Death came again and again. Sanitized for the public comfort and profit. If you didn’t know it already, the funeral industry makes millions upon millions every year exploding our collective grief.

Then came Shannon. Oh Shannon, you never knew the power you held. I never knew her when she wasn’t dying. When I first started dating Stew told me about Shannon and being with the family through her first cancer treatment. He also told me that the cancer had come back. The first time I met Shannon, she surrounded me in her arms. The warmth was amazing.

Months later, I visited her with him, It was the first time, I saw people gathered around someone before they died. We visited often but not enough. You can never visit the dying enough to relieve post-mortem grief.

I stood in the room with her fresh death and told the nurse what I was going to do. The nurse nodded when I had expected her to protest. I washed her body and recited a prayer honoring the vessel that had carried her through life. There is a stillness to death that you can feel in you in your bones. It wasn’t scary, it simply was.

When Papa died that stillness slid over his body as I held his hand. I knew death was there before Momma and my brother did. My gratitude for the nurse who came and told them, sparing me the task is immense.

Grief flows in and out of our lives until we get to the point where we are used to the ebb and flow of it like the tide . We adjust to our new realities thinking it can’t get any worse and then it does. Megan Devine opens her book It’s ok that you’re not ok with this statement “Here’s what I want you to know: this really is as bad as you think.” Raw grief is overwhelming like being caught in a tsunami. One that can return at a moments notice.

On May 1st, the tsunami hit me again. It knocked me out at first and then sent me through the city of memories and regrets you build in two decades of love and friendship while I fought to keep breathing. I didn’t tell anyone until the afternoon, I wasn’t sure how to handle it. Even then, I only told one person. At family dinner, it came out and the look of shock hit everyone so hard that I immediately apologized. The latest wave brought anxiety with it. My heart is threatening to pound its way out of my chest. I don’t know how to exist in this new reality where he is gone.

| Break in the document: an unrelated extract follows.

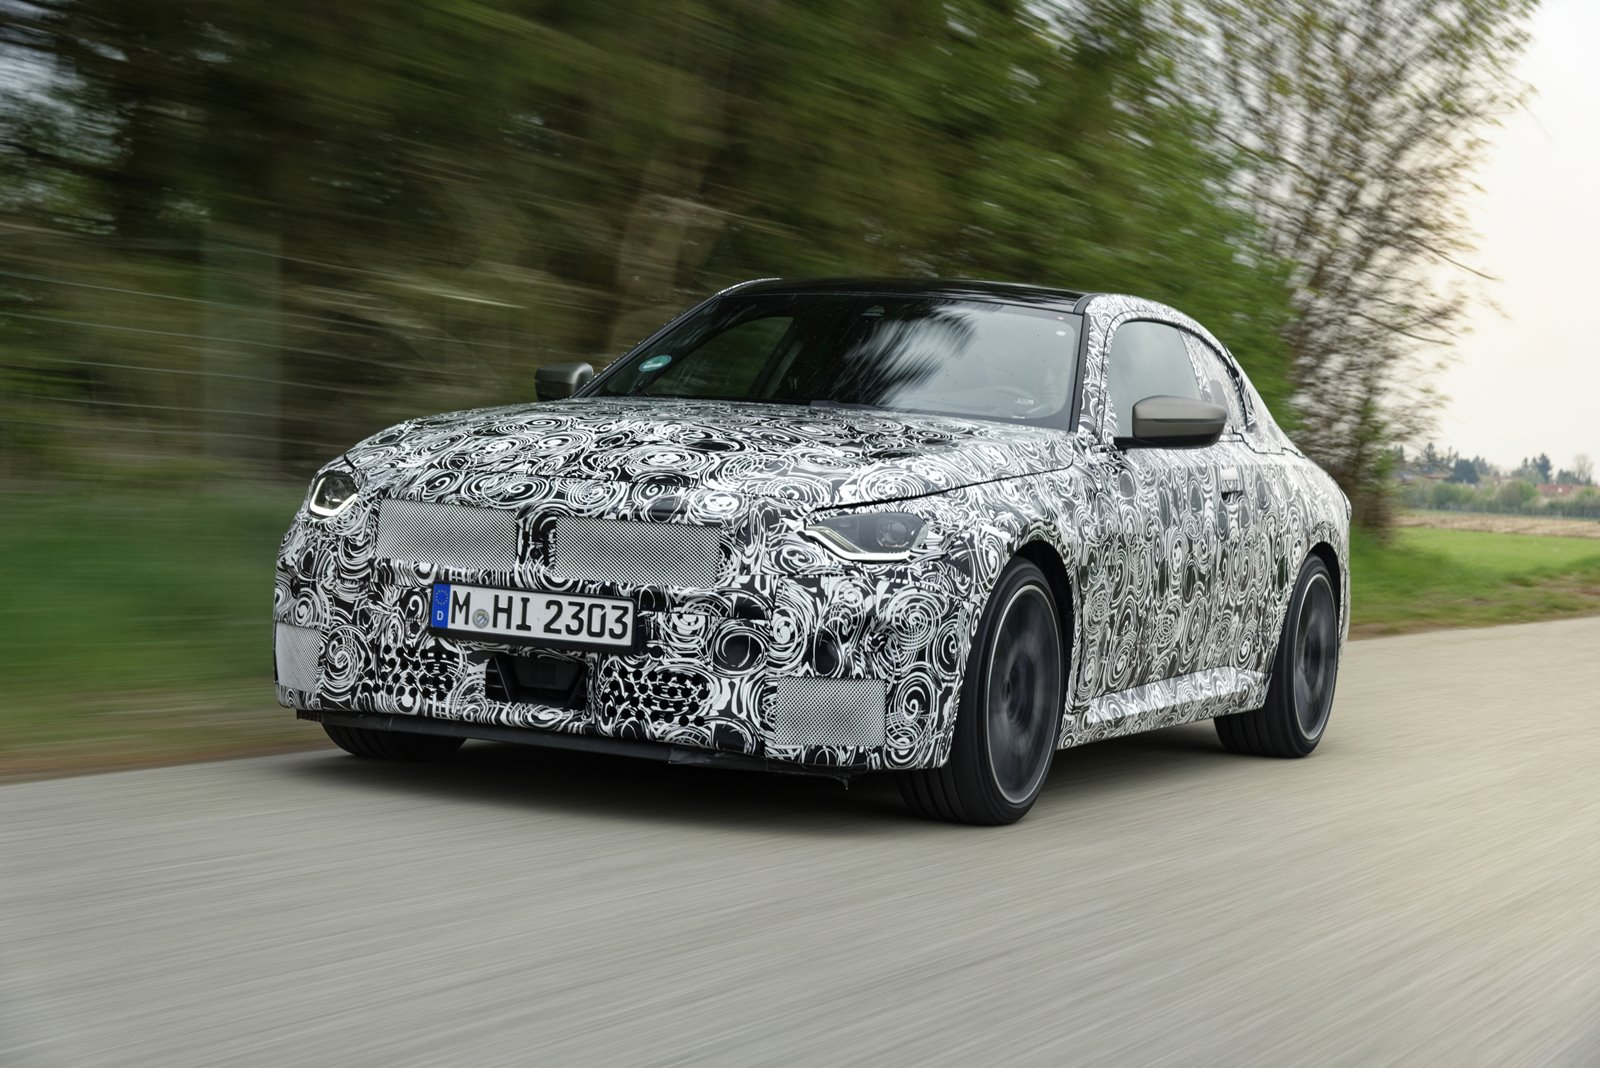 Nuevo BMW Serie 2 Coupé frontal
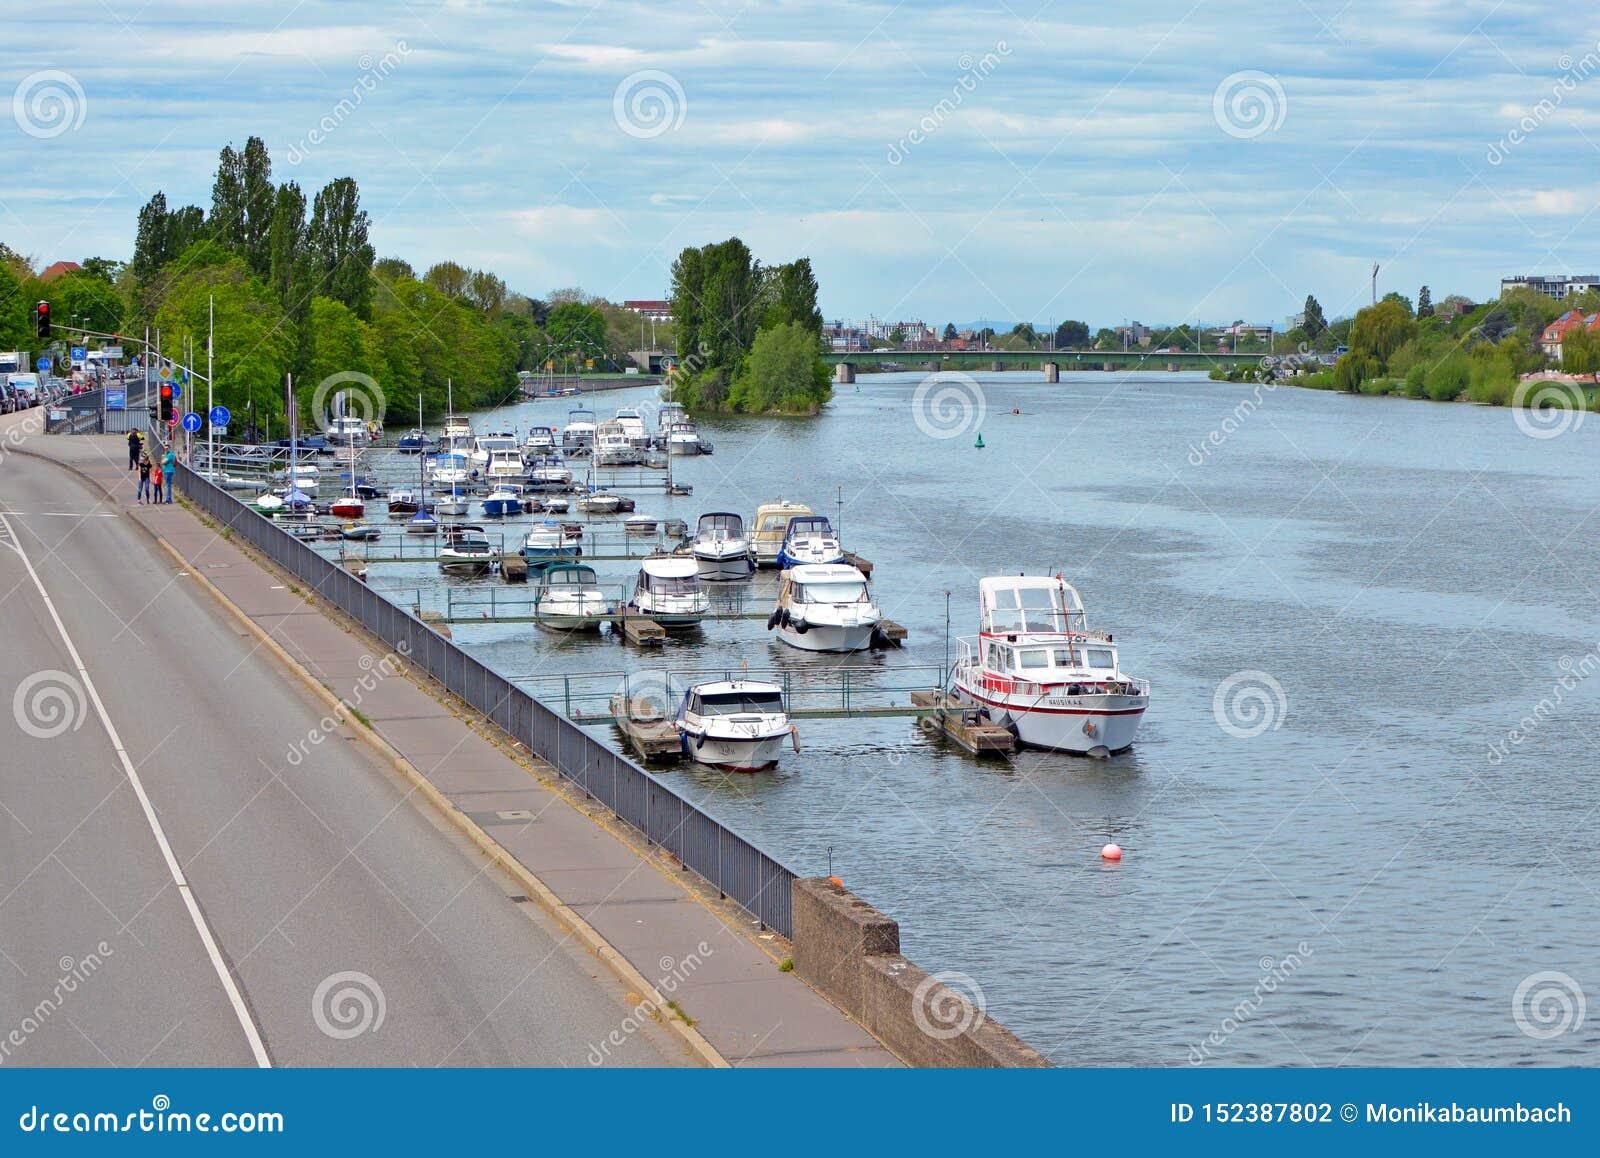 Lugar de aterrissagem para barcos privados pequenos no mais baixo banco de rio de Neckar dentro

I’m not being melodramatic, I really don’t know how to exist in this reality without him. I look over the text messages we passed back and forth daily and his voice is fading. The voice that gave me advice, that missed me and loved me.

I know it will not always be like this. I know there will be better days, but I also know that there be days where the grief washes over me and I don’t know which way is up.

All of this sounds very bleak. Grief doesn’t end but it does transform you (or at least to others), because when you do surface you are different. When the water recedes, a memories that you had passed over is uncovered. And you remember the love, you had for them. After all, “But what is grief, if not love persevering?”

Will it be ok, again? A lot of people will try and tell you that it will be. That grief is something to move through and there will be something better around the corner. But that is a lie. It may never been ok again. The world is shaped by grief in ways that can not be explain to others that have not gone through it or who have chosen to ignore it. The world will never be the same without my Papa. Nor will it be the same without the man I loved for nearly two decades.

Ignoring pain doesn’t heal it. Time doesn’t always lessen it. What has worked for me and allowed me to live with and in grief is not trying to be ok. Thank you again to Megan Devine for her work on grief. I let myself grieve, cry and exist with this new reality. There are times like the last two weeks when I have poured myself into work to distract my mind from the loss. And there will be days like today when my body says enough and I let the grief turn into words.